_Aim of the exercise_: The records below must be repeated exactly, but without their pictures.

[Source data]
- Opening Delimiter -

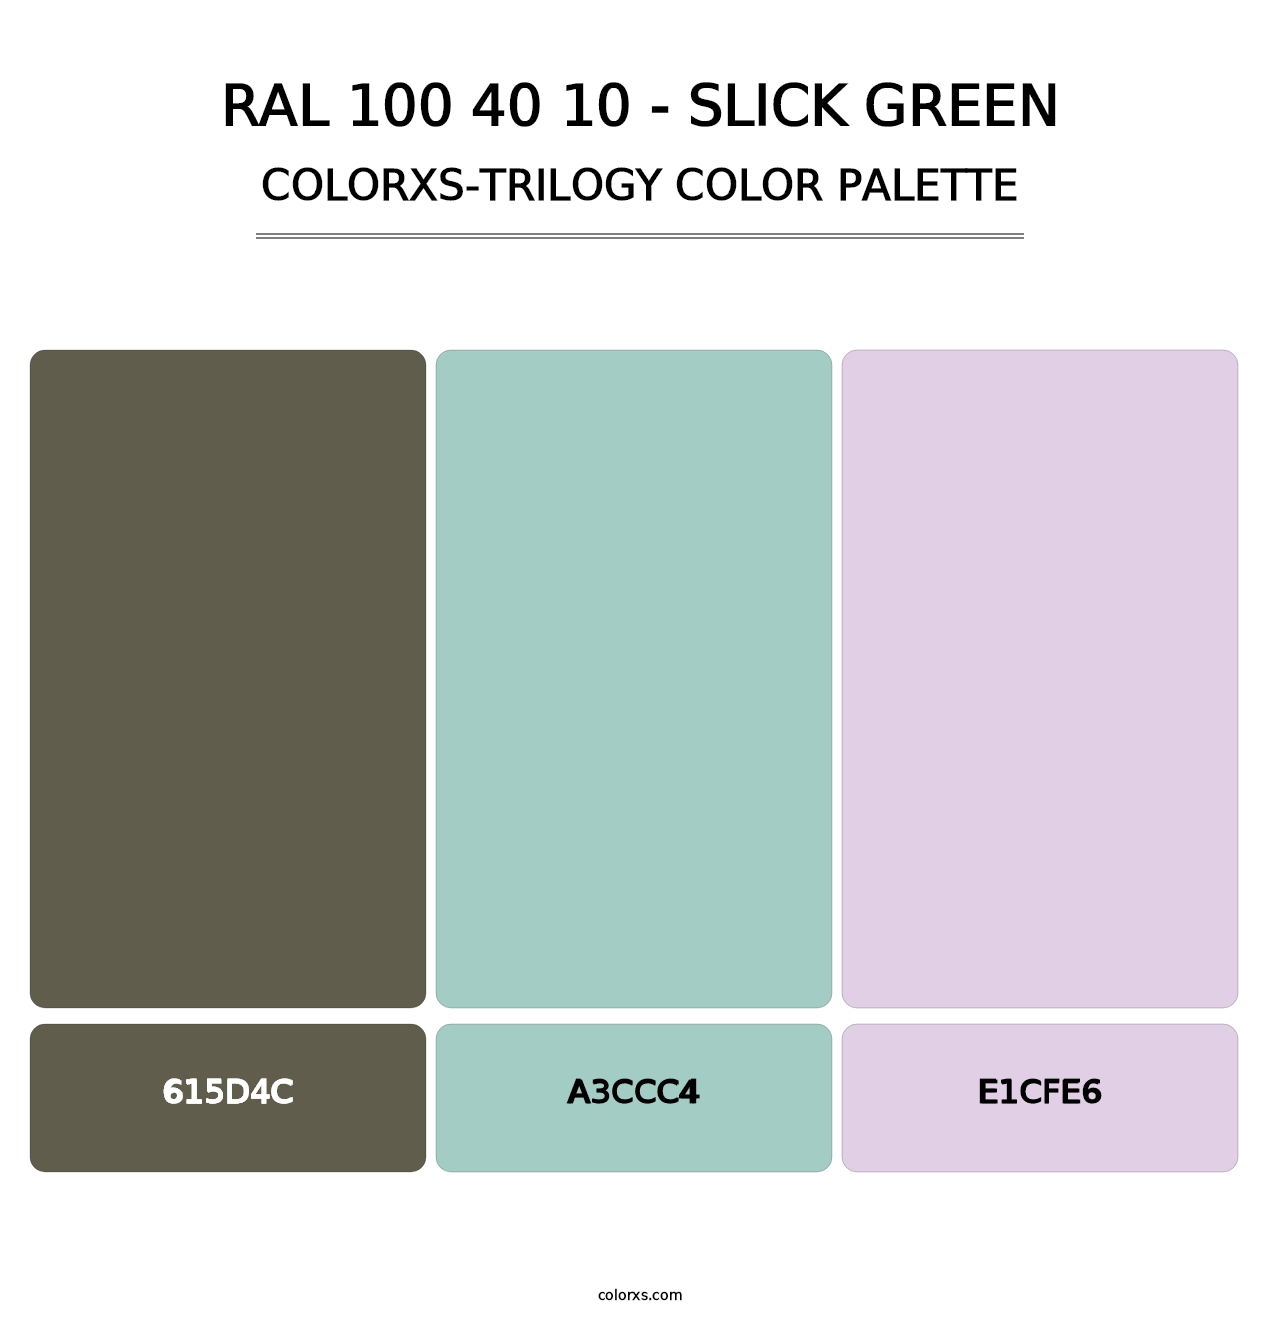 RAL 100 40 10 - Slick Green - Colorxs Trilogy Palette
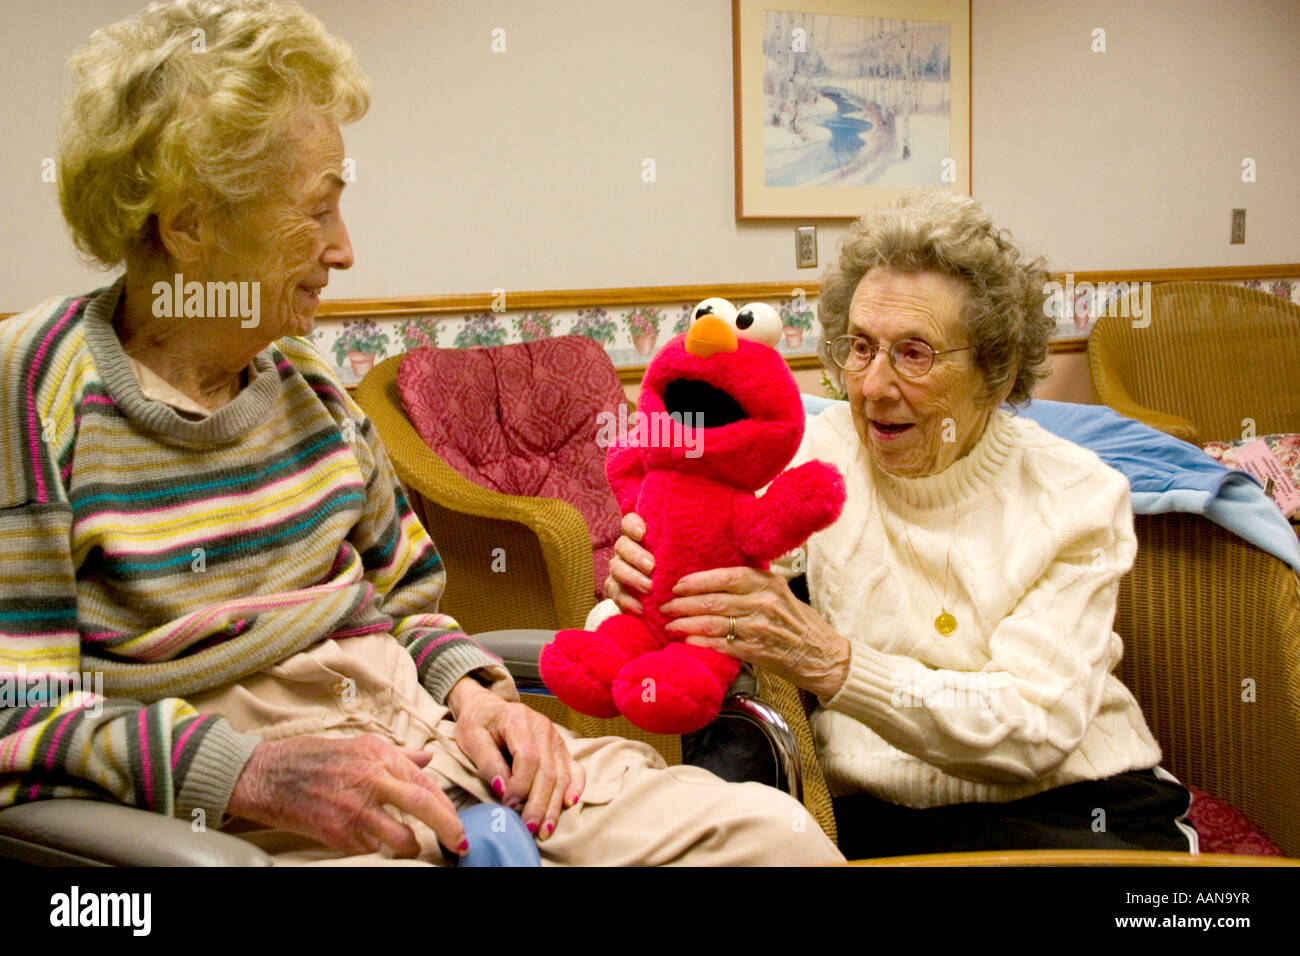 Sœurs à l'âge de 90 ans en soins infirmiers accueil joyeusement bénéficiant d'Elmo. Minnesota Bloomington Minnesota USA Accueil maçonnique Banque D'Images
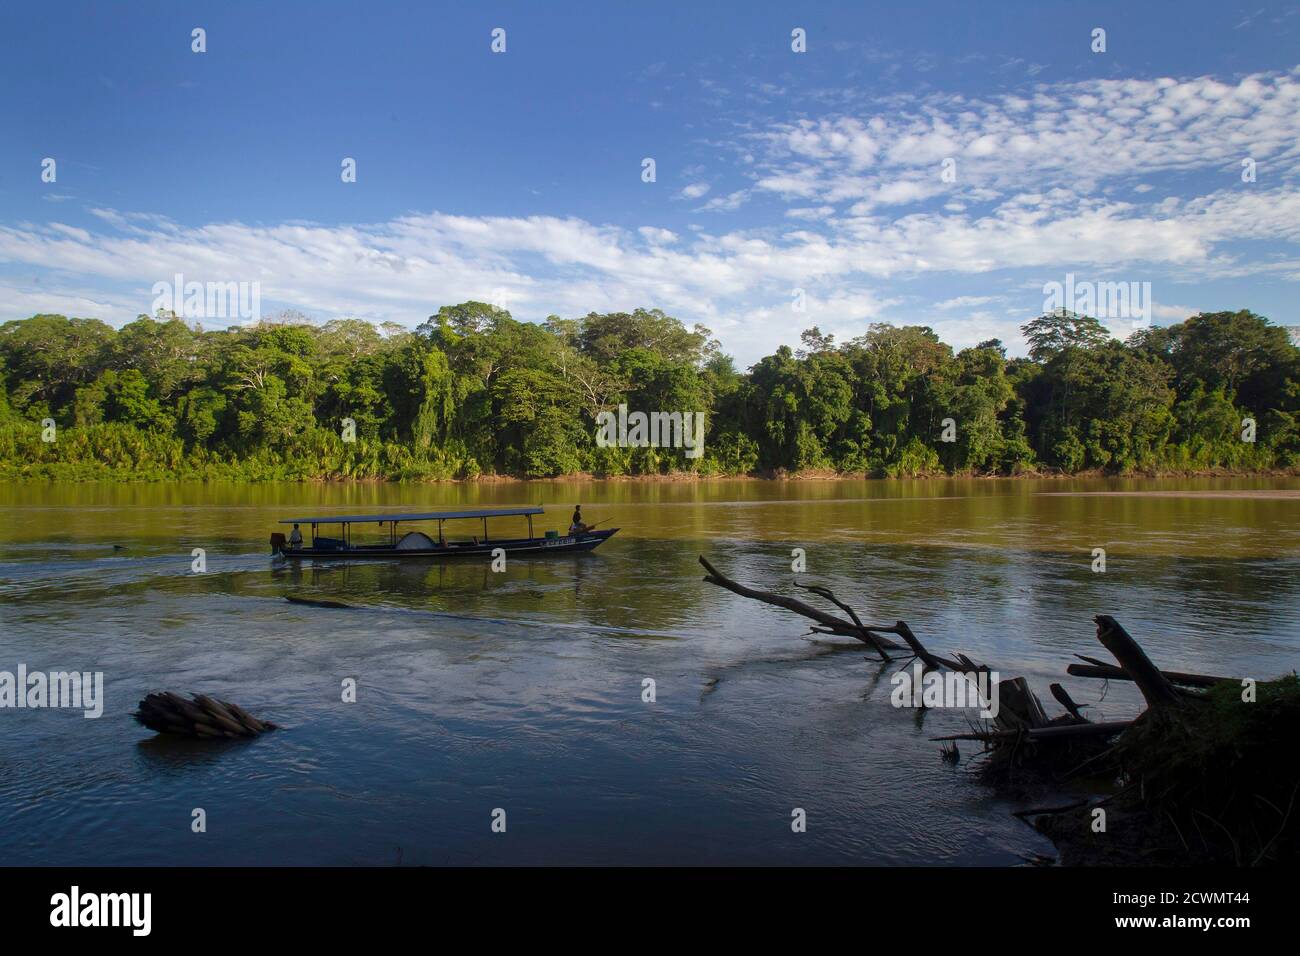 Ein Boot navigiert durch den Manu River in den Manu Nationalpark im  südlichen Amazonasgebiet Perus Madre De Dios 17. Juli 2014. Diese Reserve  1,8 Millionen Hektar ist der größte Nationalpark in Peru
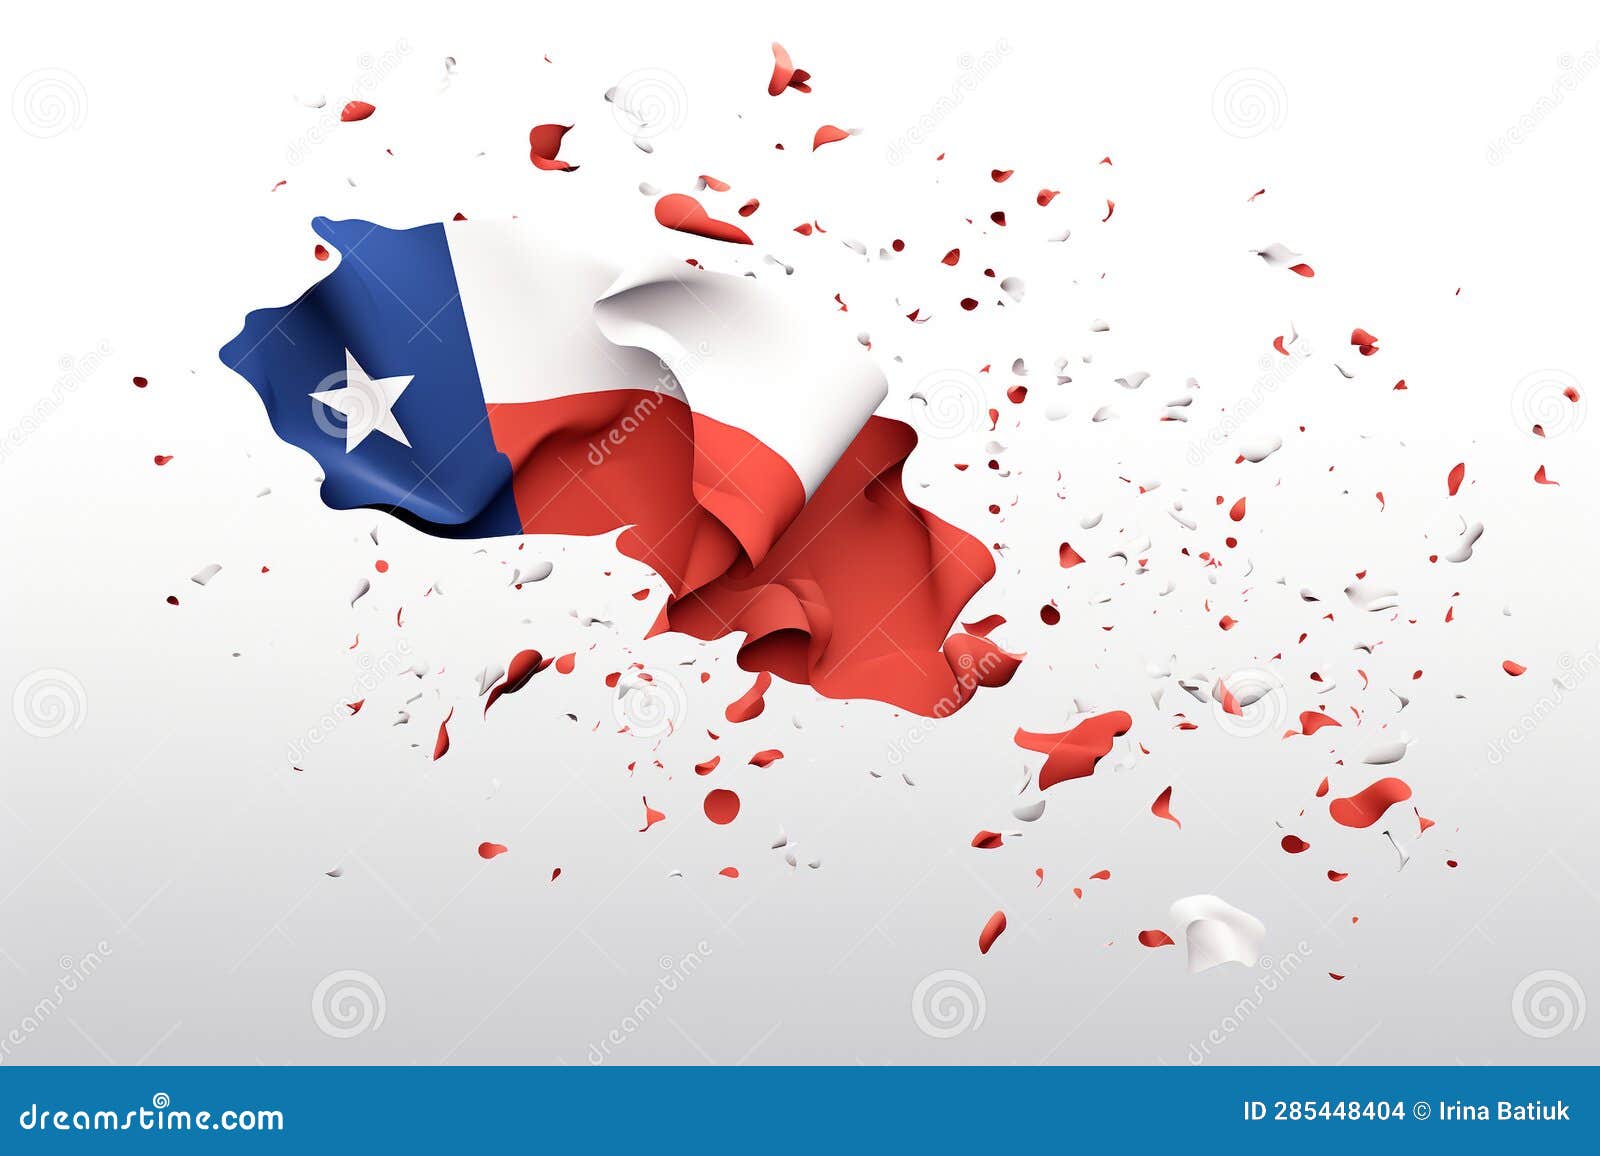 fiestas patrias de chile. freedom from spanish rule, september 18. conmemoracion de la independencia nacional de chile
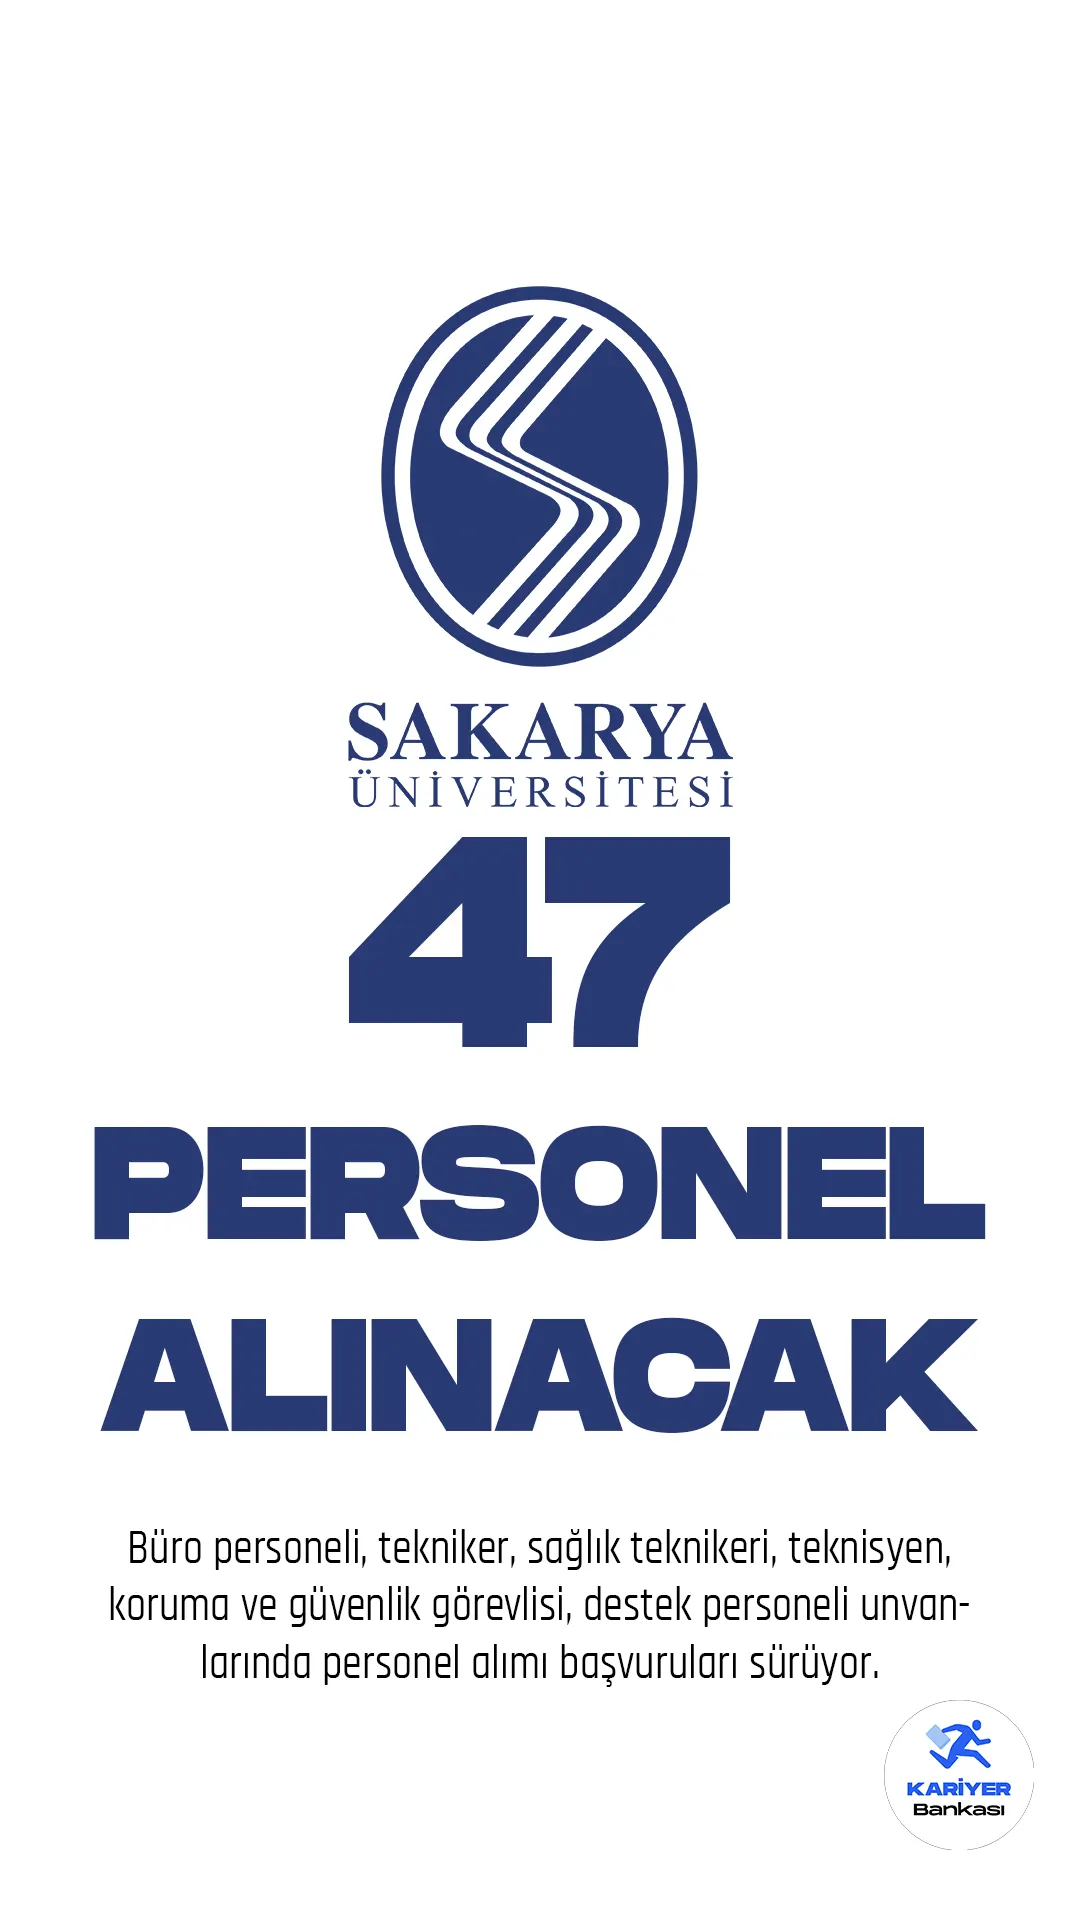 Sakarya Üniversitesi personel alımı başvuruları devam ediyor. Cumhurbaşkanlığı SBB Kamu ilan sitesi üzerinden yayımlanan duyuruda, Üniversiteye 47 sözleşmeli personel alımı yapılacağına yer verildi.

- Closing Delimiter -

_Solution to this exercise_:
 RAL 100 40 10 - Slick Green - Colorxs Trilogy Palette
 Sœurs à l'âge de 90 ans en soins infirmiers accueil joyeusement bénéficiant d'Elmo. Minnesota Bloomington Minnesota USA Accueil maçonnique Banque D'Images
 Ein Boot navigiert durch den Manu River in den Manu Nationalpark im  südlichen Amazonasgebiet Perus Madre De Dios 17. Juli 2014. Diese Reserve  1,8 Millionen Hektar ist der größte Nationalpark in Peru
 fiestas patrias de chile. freedom from spanish rule, september 18. conmemoracion de la independencia nacional de chile
 Sakarya Üniversitesi personel alımı başvuruları devam ediyor. Cumhurbaşkanlığı SBB Kamu ilan sitesi üzerinden yayımlanan duyuruda, Üniversiteye 47 sözleşmeli personel alımı yapılacağına yer verildi.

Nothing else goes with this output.